Senza preoccuparsi per la loro stessa vita, Minz e Mauz gridano aiuto, ancora una volta invano. La loro immobilità sembra riflettersi anche nella loro posizione: nella terza immagine, i due appaiono in una posizione frontale rispetto a chi guarda il libro, una posizione che quasi ricorda quella del crocifisso, con le due zampette anteriori aperte e rivolte verso l’alto.

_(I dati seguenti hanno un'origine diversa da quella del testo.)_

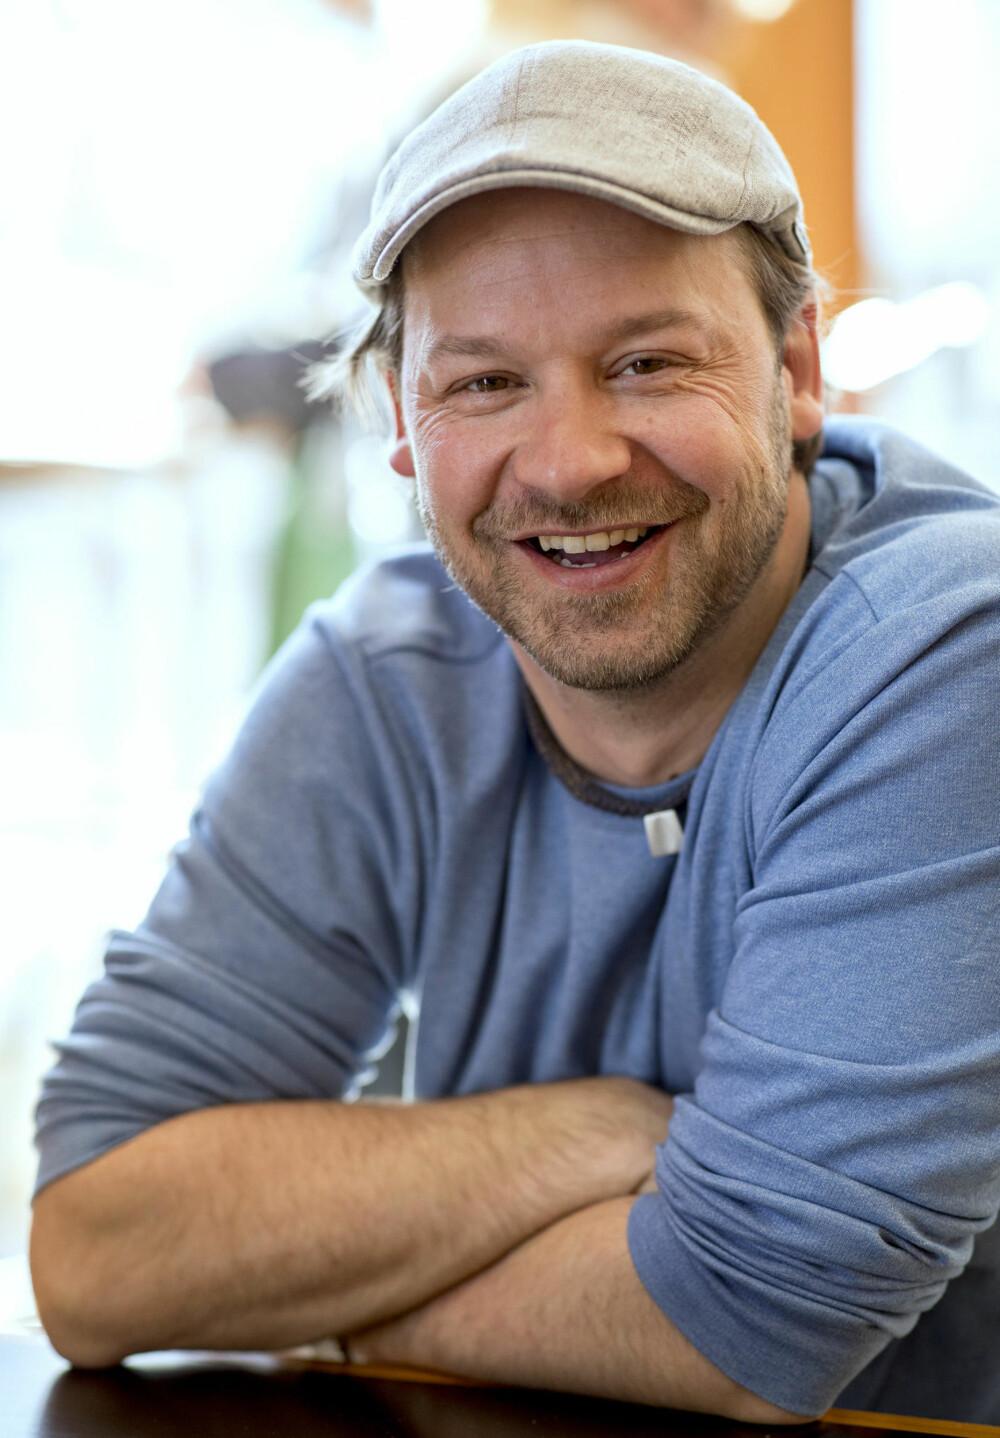 Petter Nyquist er en av finalistene til Publikumsprisen.
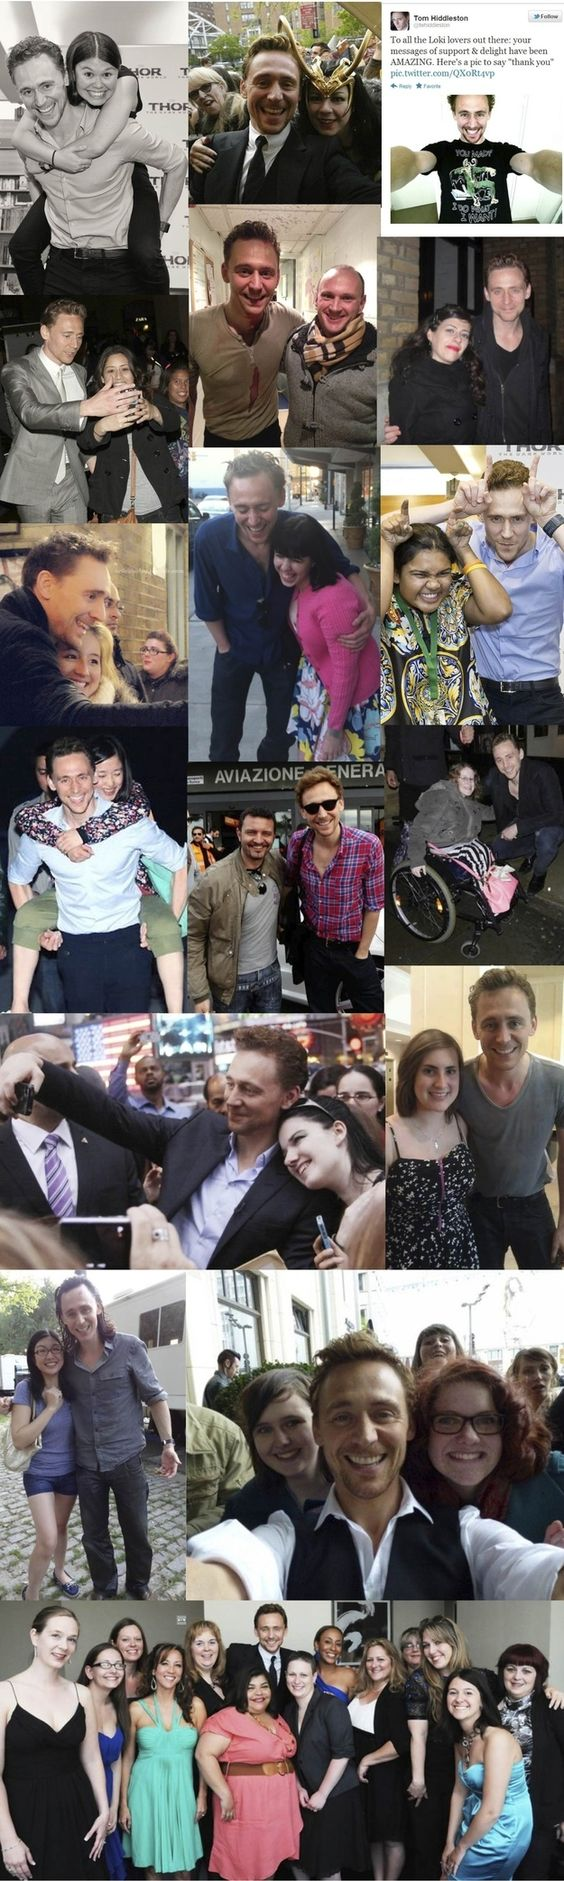 La más increíble compilación alrededor de las bondades de Tom Hiddleston   https://tomhiddlestonmx.wordpress.com/2015/02/25/la-mas-increible-compilacion-alrededor-de-las-bondades-de-tom-hiddleston/

Nella quarta scena, dell’eroina non è rimasto quasi nulla, se non un mucchietto di ceneri ancora fumanti: “Ein Häuflein Asche bleibt allein/Und beide Schuh, so hübsch und fein.” (ivi: 7, terza strofa, vv. 3-4). Lì accanto i due gattini, con la stessa zampa che all’inizio alzavano verso la bambina, ora si asciugano le lacrime con un fazzoletto giallo. Un particolare piuttosto macabro è poi rappresentato dai due fiocchi che adornano le loro code, gli stessi fiocchi che prima adornavano i capelli e il vestito di Paulinchen. Nei due versi centrali della strofa, non troviamo più un avvertimento o un grido di aiuto come in quelle precedenti, ma un vero e proprio appello ai ‘poveri genitori’: “wo sind die armen Eltern? wo?” (ivi: ultima strofa, v.4). Dalle parole così come dalle immagini è dunque evidente come il gioco sia tristemente finito. I due gattini piangono ininterrottamente, creando, con le loro lacrime, due piccoli ruscelli che racchiudono in un cerchio le scarpette

rosse della bambina. L’immagine viene resa nel testo con una similitudine la cui pertinenza pare piuttosto discutibile: “Und ihre Tränen fließen/Wie’s Bächlein auf den Wiesen” (ivi: ultima strofa, vv. 5-6). Letteralmente si potrebbe tradurre come: “e le loro lacrime scorrono/come un ruscello nel prato”. Tuttavia, in tedesco esiste anche l’espressione “ein Bächlein machen”, utilizzata per lo più dai bambini e che significa “fare la pipì”. Ecco che Bächlein, in questo suo altro significato e nel contesto entro il quale Hoffmann la inserisce, finirebbe per suscitare nel piccolo lettore-ascoltatore sensazioni del tutto inappropriate.

Al di là di tutto, Hoffmann riesce ancora una volta a trasmettere una morale ben precisa: chi gioca con il fuoco prima o poi si scotta, o meglio, brucia.